Außerdem soll es zweimal pro Monat eine Online-Sprechstunde geben. Stadtpräsidentin Renate Palm und Bürgermeister Niels Schmidt sind bereit mitzumachen. Fragen und Antworten sollen für alle Nutzer sichtbar sein. Möglich wäre es auch, ein Meinungsbild in Sachen Autofähre nach Jork einzuholen oder die Wedeler zu befragen, was sie von der Parkraumbewirtschaftung halten, die im Juli beginnt.

Auf jeden Fall wird es einen Mängelmelder geben. Per Straßenkarte können die Besucher der Internetseite mitverfolgen, an welchen Stellen im Stadtgebiet welche Mängel gemeldet wurden, zum Beispiel Graffiti, defekte Straßenlaternen oder schlecht lesbare Straßenschilder. Anhand der Farbe wird der Bearbeitungsstatus deutlich gemacht.

Ein Beispiel: Frau Schmidt aus Wedel meldet über die Bürgerbeteiligungsplattform ein riesiges Straßenloch, das in der Schulauer Straße klafft. Das taucht dann als roter Punkt auf der Straßenkarte auf mit einer kurzen Beschreibung am Rand, um was es sich dabei handelt. Frau Schmidt erhält zudem eine Nachricht, dass die Stadtverwaltung ihren Hinweis erhalten hat. Wenn die Mitarbeiter des Bauhofes auf dem Weg sind, um das Loch auszubessern, wechselt der Punkt die Farbe und wird grau. Sobald der Mangel behoben ist, stehen die Zeichen auf grün. Frau Schmidt wird zusätzlich per E-Mail in Kenntnis gesetzt.

„Das ist sehr transparent“, so Amelung, der weiß, dass diese Transparenz die Mitarbeiter auch unter Druck setzt und Ressourcen bindet. „Anfangs wird das Projekt mehr Arbeit für die Verwaltung verursachen. Aber das ist auch ein spannender Prozess. Wir versprechen uns einiges davon.“ Damit keine Daten von Dritten oder diskriminierende Äußerungen auf der Plattform landen, schaltet die Stadt noch einen Filter ein. Rathausmitarbeiterin Rebecca Thoß bearbeitet alle Hinweise, Anfragen und Beiträge.

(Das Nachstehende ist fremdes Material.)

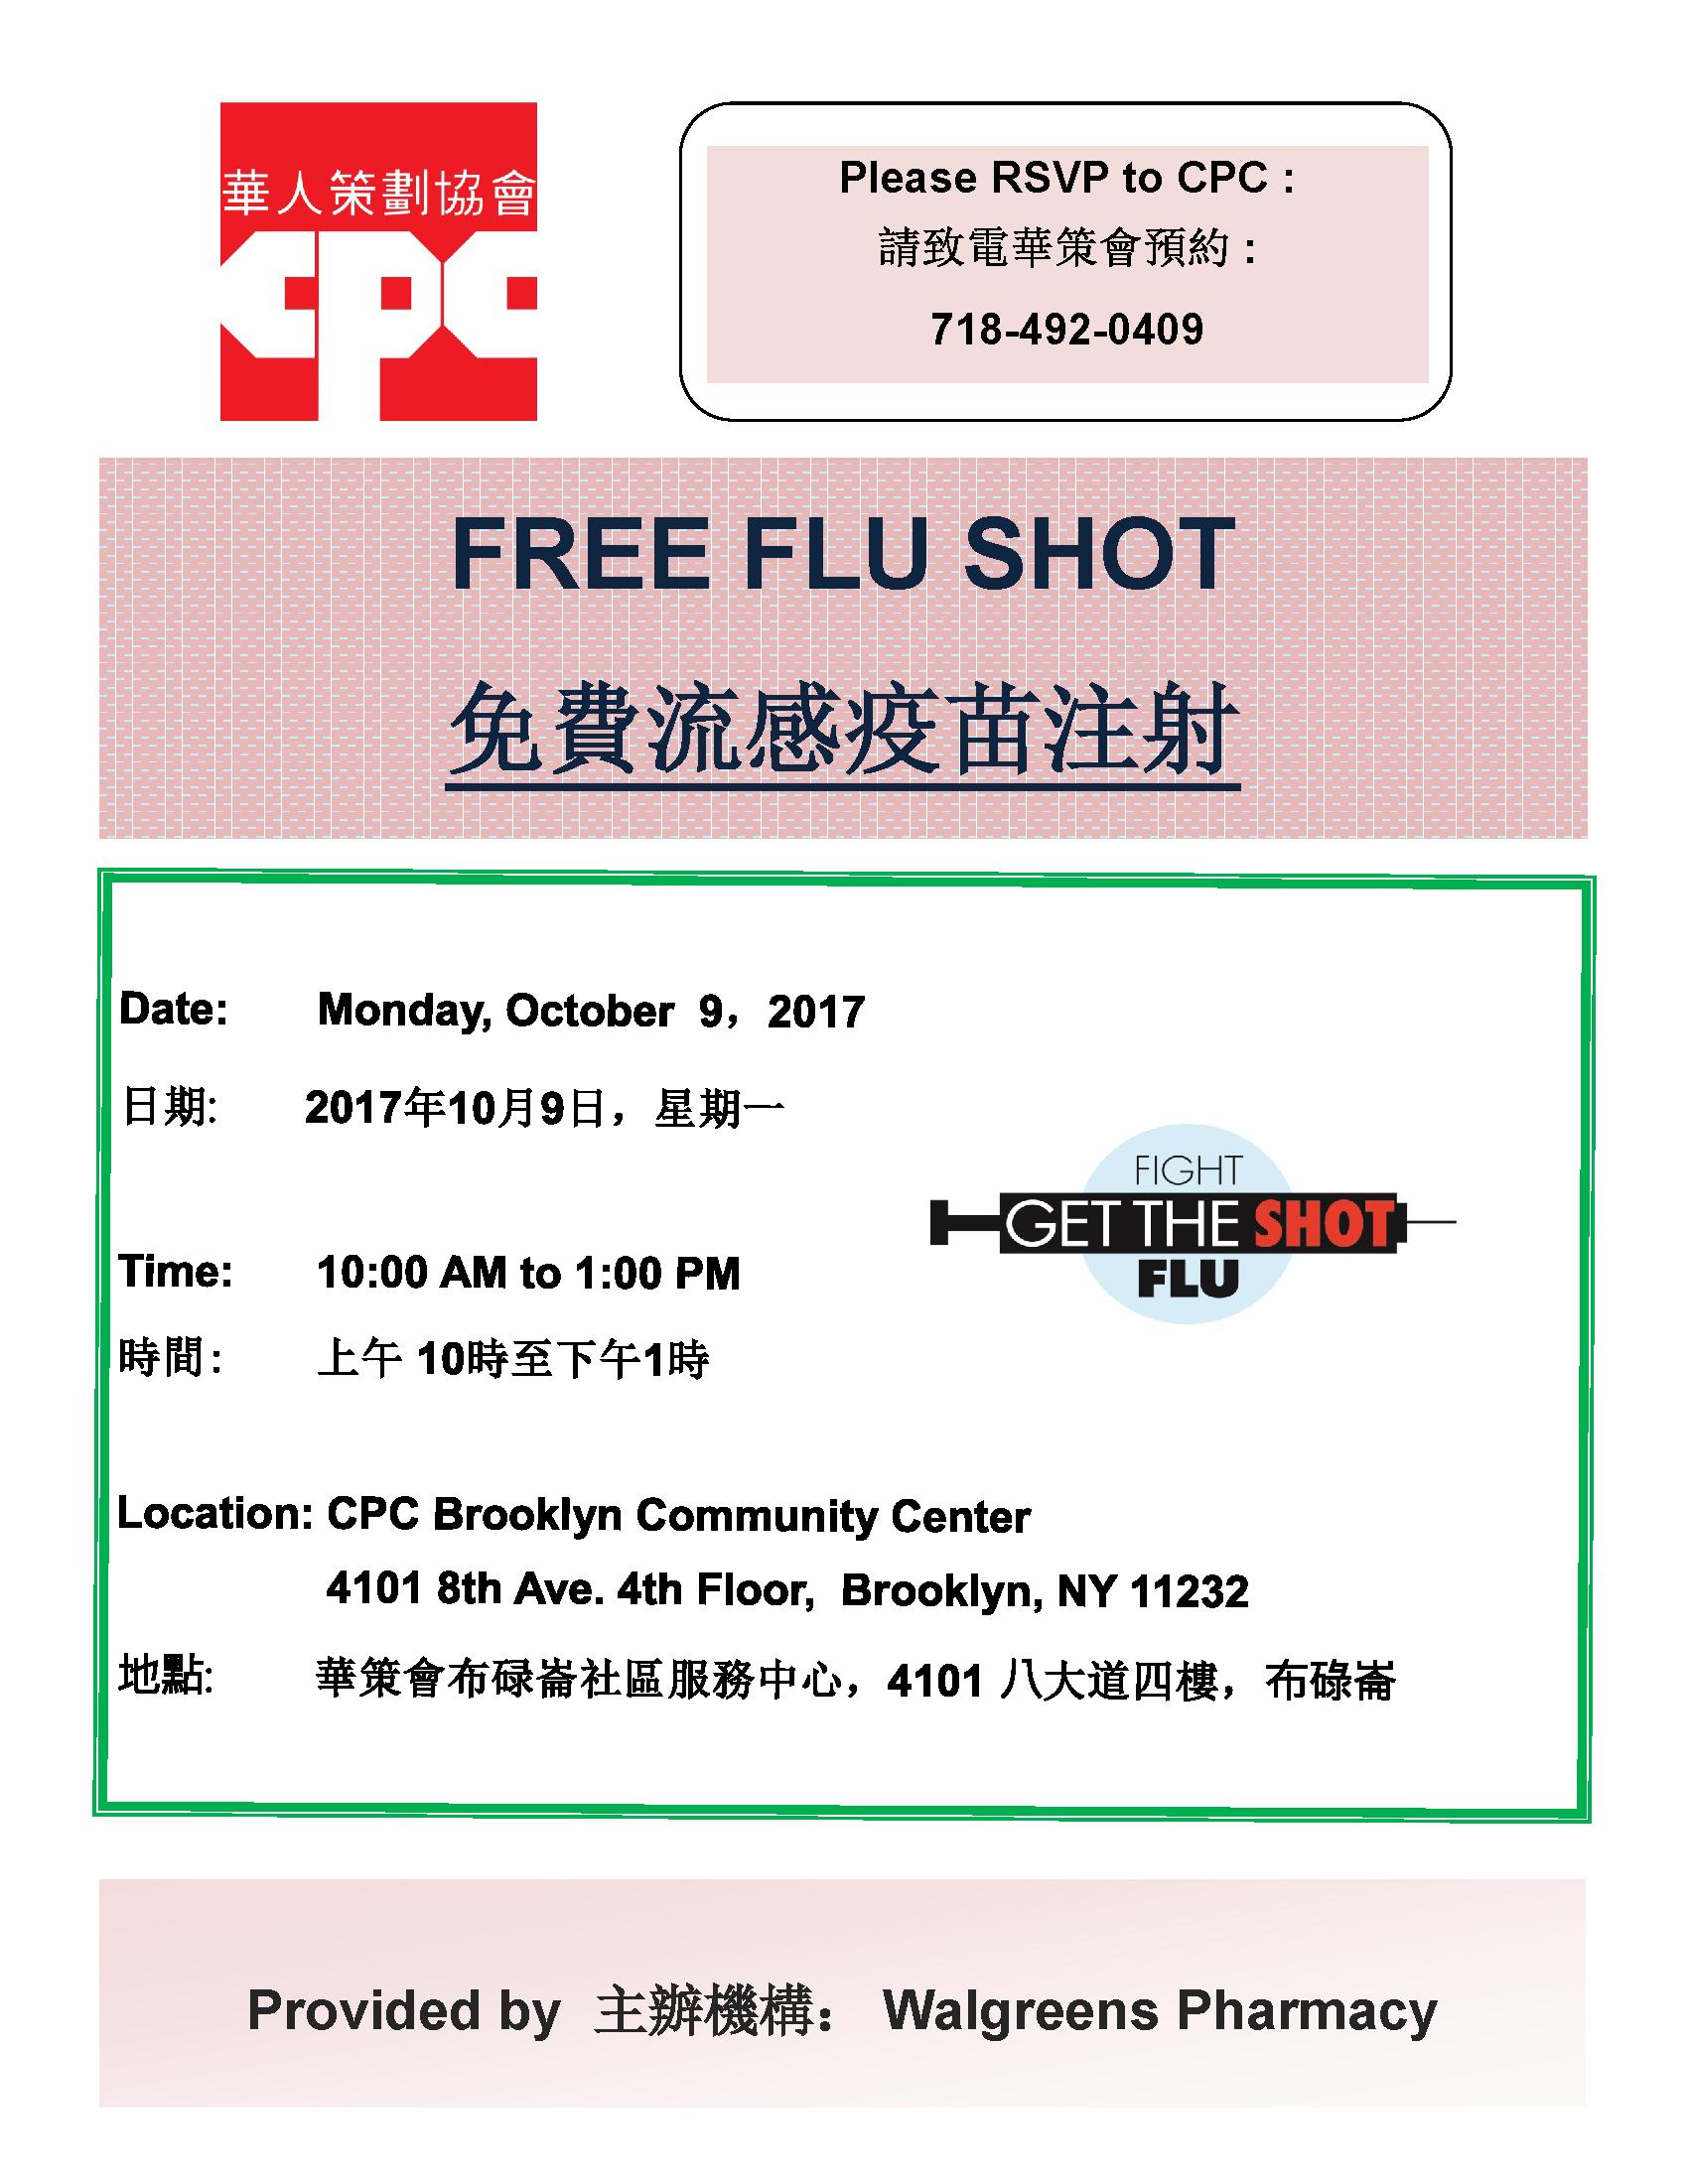 Flu Vaccine Flyers Free: CPC Brooklyn Community Services Flu Shot Clinic

Bisher gibt es deutschlandweit nur eine Stadt, die solch ein Projekt wagte. Frankfurt am Main bündelte alle Beteiligungsangebote der Stadt auf der Partizipationsseite www.ffm.de, die im April online ging. Aus Frankfurt stammt auch die Idee des Mängelmelders, der zusammen mit einer beauftragten IT-Firma umgesetzt wurde. 255 gemeldete Mängel wirft das Portal der 690.000-Einwohner-Stadt derzeit aus.

„Die Plattform wird rege genutzt“, sagt Michael Schoenhöfer aus dem städtischen Online-Büro. Im Sommer soll eine weitere Beteiligungsmöglichkeit hinzukommen. Dann haben Frankfurter die Möglichkeit, sich bei der Haushaltsplanung einzubringen, zu sagen, welche Projekte die Stadt fördern und wo sie sparen soll.